AR is set to be the next digital disruptor, he added. Some in the industry, including Apple CEO Tim Cook, predict that in the next five to 10 years, it will be as pervasive as smart phones are today. So offering courses on the topic not only makes a name for Goodman as a leader in the field of AR education, it helps students do the same for themselves on the job where they can use the technology on their employers’ behalf to create brand recognition and consumer loyalty.

Prof. Scholz runs his classes like a virtual marketing agency. Students work with a local business, like Calamus, and devise a marketing strategy using AR to tell a story that will sell a brand or product to a target audience. Students also access outside consultants — in this case UP360 Media run by former Brock student Harrison Olajos — to help implement the strategy on a pro bono basis.

The point is to achieve an end result that’s more than a make-work project. “So many times students make a pitch and nothing happens and I wanted to change this,” Prof. Scholz said. “(The business partners) are very excited to give all the creative freedom to students to market their most prestigious wine.”

John DiLorenzo, who took Prof. Scholz’s undergraduate course last spring, expected only to learn the theory behind AR. Instead, he saw how it’s used in everyday applications, including seeing furniture in your home before purchasing it. In turn, that gave him ideas for how he could use it to help the class’s business partner and future employers.

Calamus Estate Winery in Jordan, Ontario

“It actually consumed me. It was ‘How can we do this?’ This didn’t feel like I was doing a course, it felt like I was doing work, a career,” DiLorenzo said. “The biggest thing I learned about (AR) is how much you can use it in our daily lives. It’s not just gimmicks and video games.”

Undergraduate Rafay Rehan, who recently completed his last semester focusing on international business, had a similar epiphany about the technology. Take, for example, a clothing store that used AR to enable customers to try on outfits in the safety of their own home during this age of physical distancing. The pandemic put AR marketing into context, he explained.
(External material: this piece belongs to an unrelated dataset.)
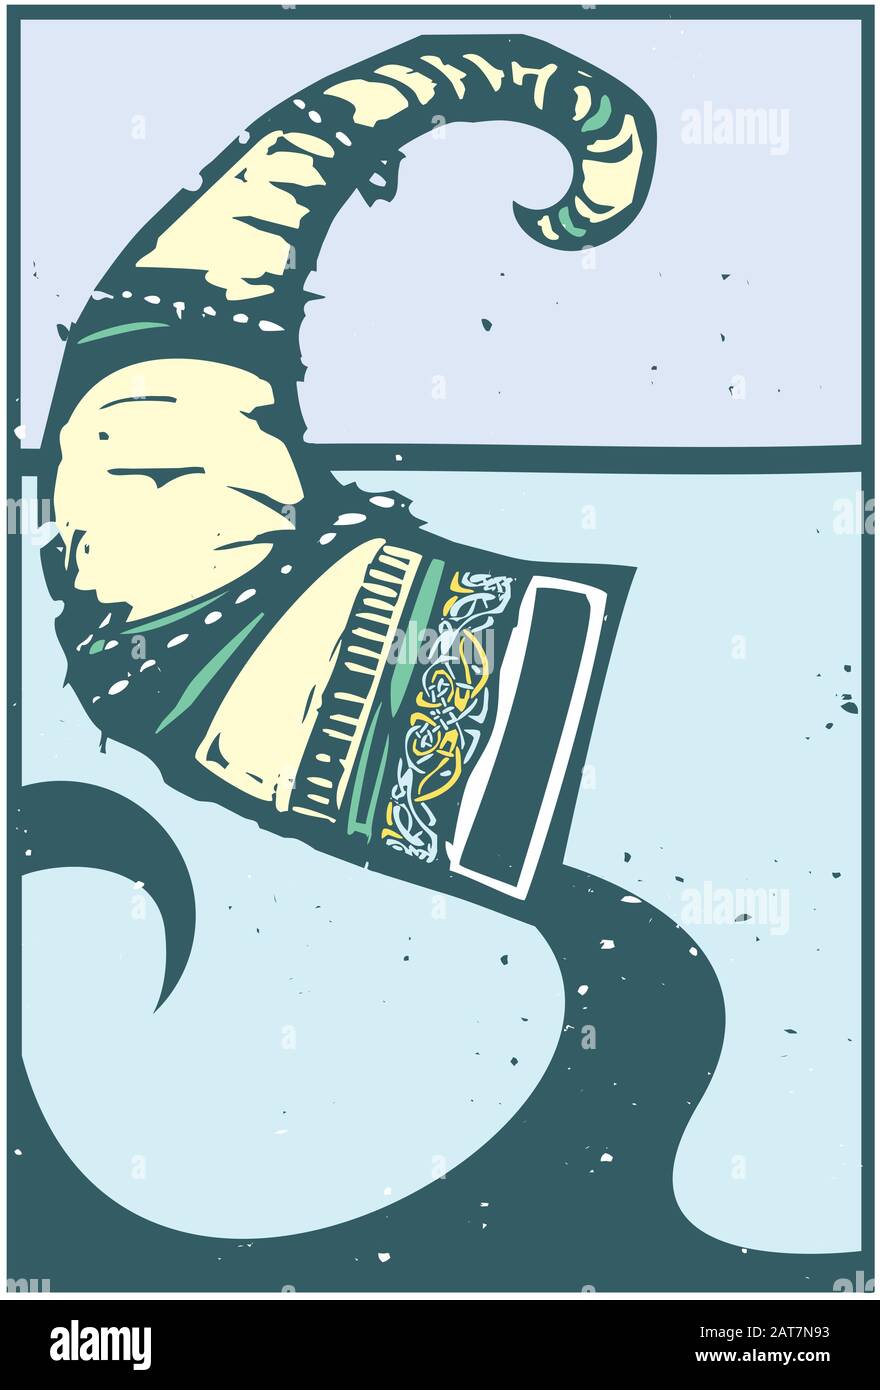 Holzschnitt Stil Expressionistisches Bild eines wikinger Trinkhorns mit zoomorphen Elementen Stock Vektor

“As soon as the pandemic started you could see the need companies are going to have for this,” Rehan said. “Social distancing is in place and so many people are interacting less with each other.”

Still, Van-Helsdingen hopes people will be keen to interact with his wines and perhaps one day visit Calamus thanks to the master's students efforts last term.

“The goal of the augmented reality label is to create an experience,” he said. “We’re super excited to be one of the first in Canada to do it.”